━━ Stored data ━━

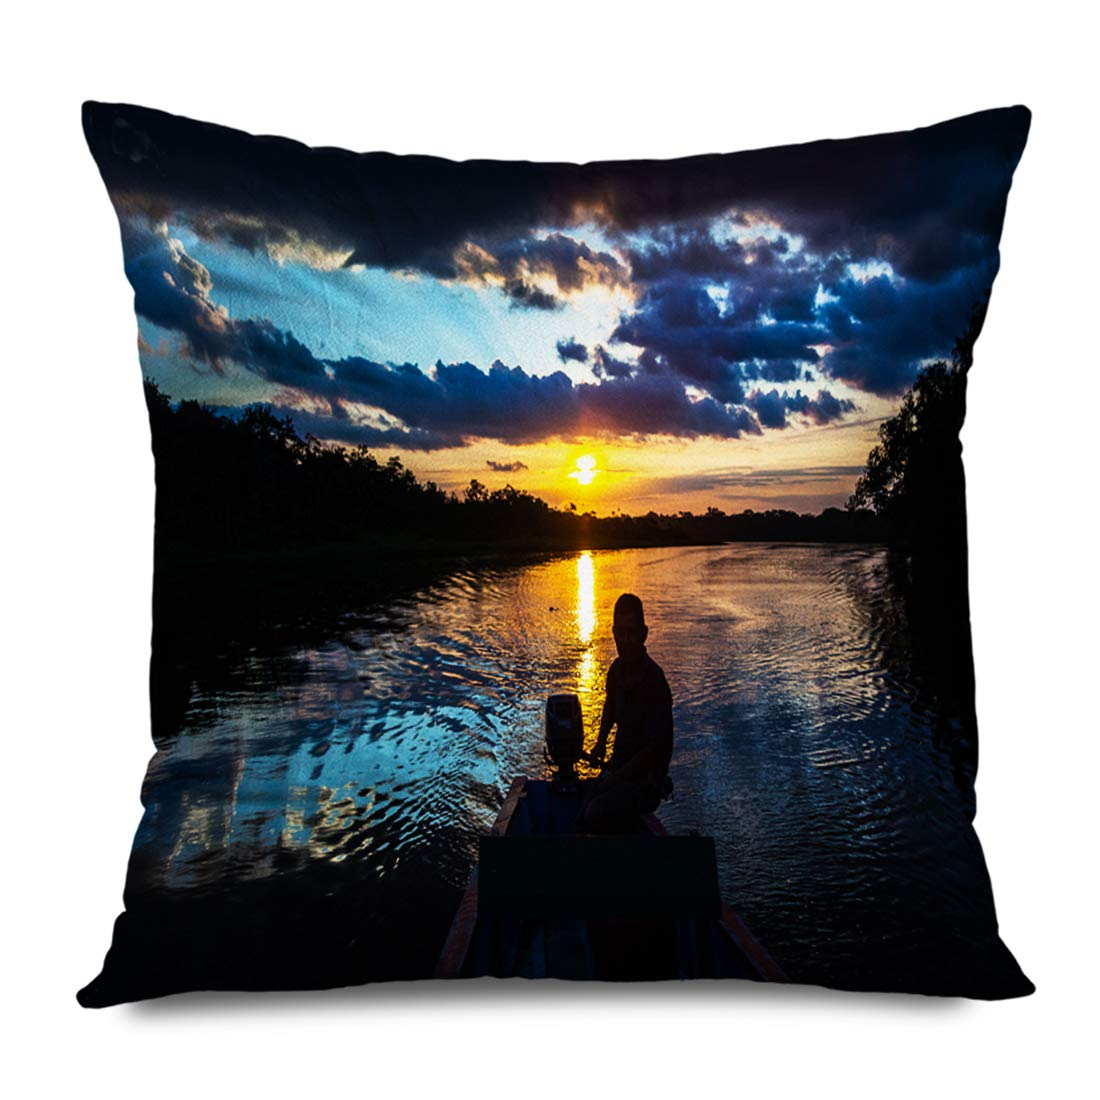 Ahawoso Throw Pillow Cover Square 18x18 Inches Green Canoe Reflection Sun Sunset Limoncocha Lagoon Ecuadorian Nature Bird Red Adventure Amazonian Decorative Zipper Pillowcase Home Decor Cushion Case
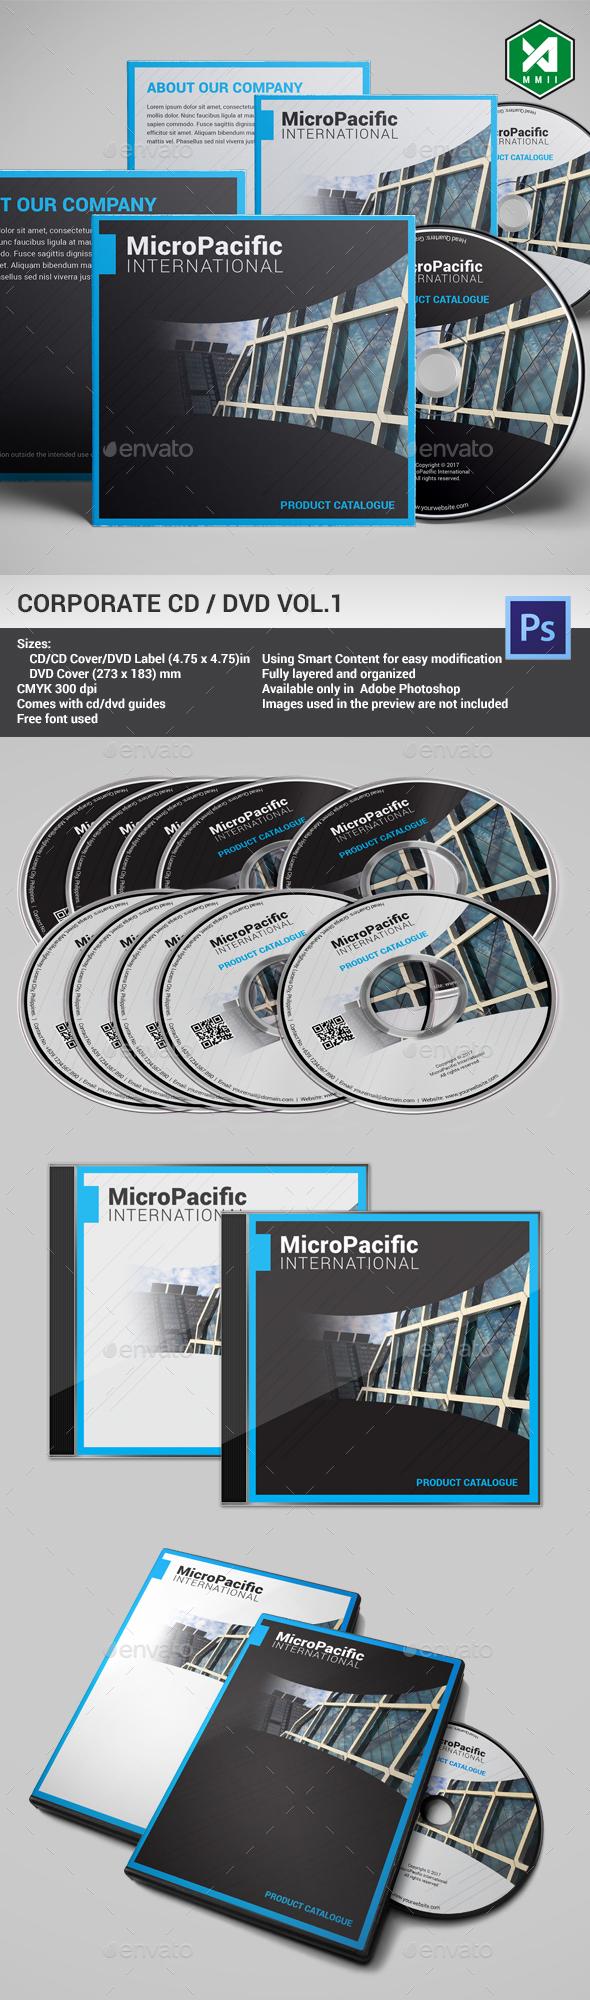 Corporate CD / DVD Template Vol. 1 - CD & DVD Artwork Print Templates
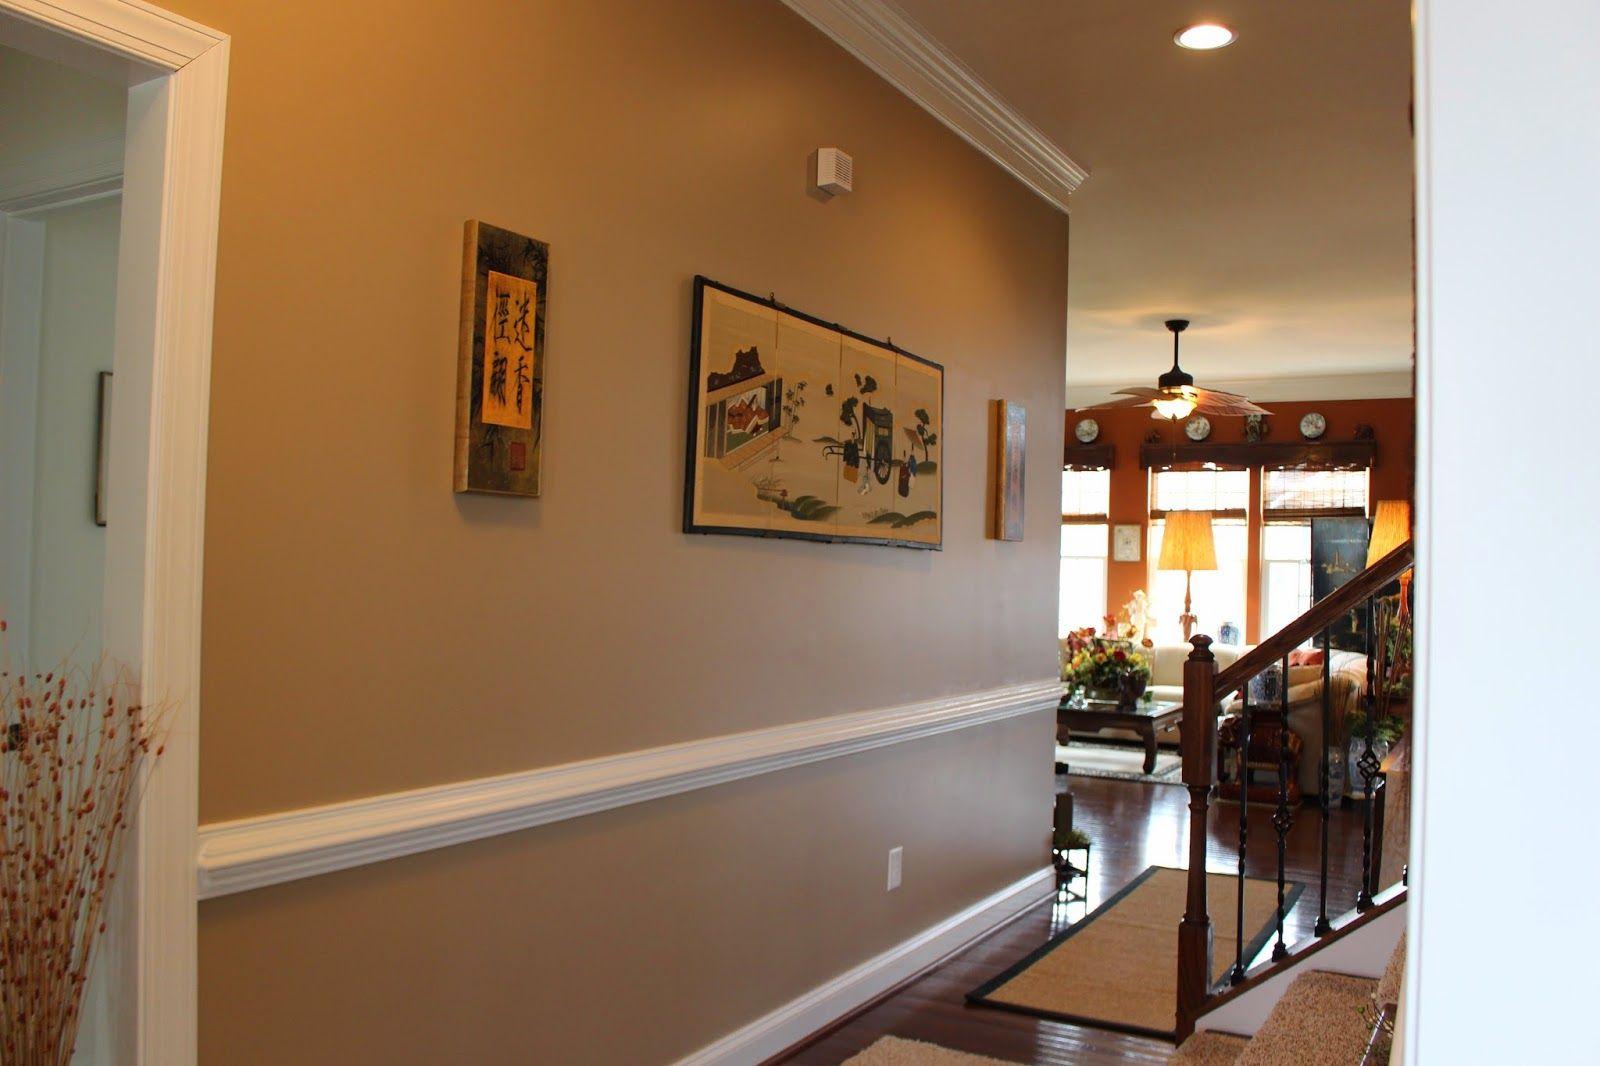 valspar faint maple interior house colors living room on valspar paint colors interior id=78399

━━━

Activity :: Write out the listing word for word, omitting the pictures it holds.

Result of the task ::
 Ahawoso Throw Pillow Cover Square 18x18 Inches Green Canoe Reflection Sun Sunset Limoncocha Lagoon Ecuadorian Nature Bird Red Adventure Amazonian Decorative Zipper Pillowcase Home Decor Cushion Case
 Corporate CD / DVD Template Vol. 1 - CD & DVD Artwork Print Templates
 valspar faint maple interior house colors living room on valspar paint colors interior id=78399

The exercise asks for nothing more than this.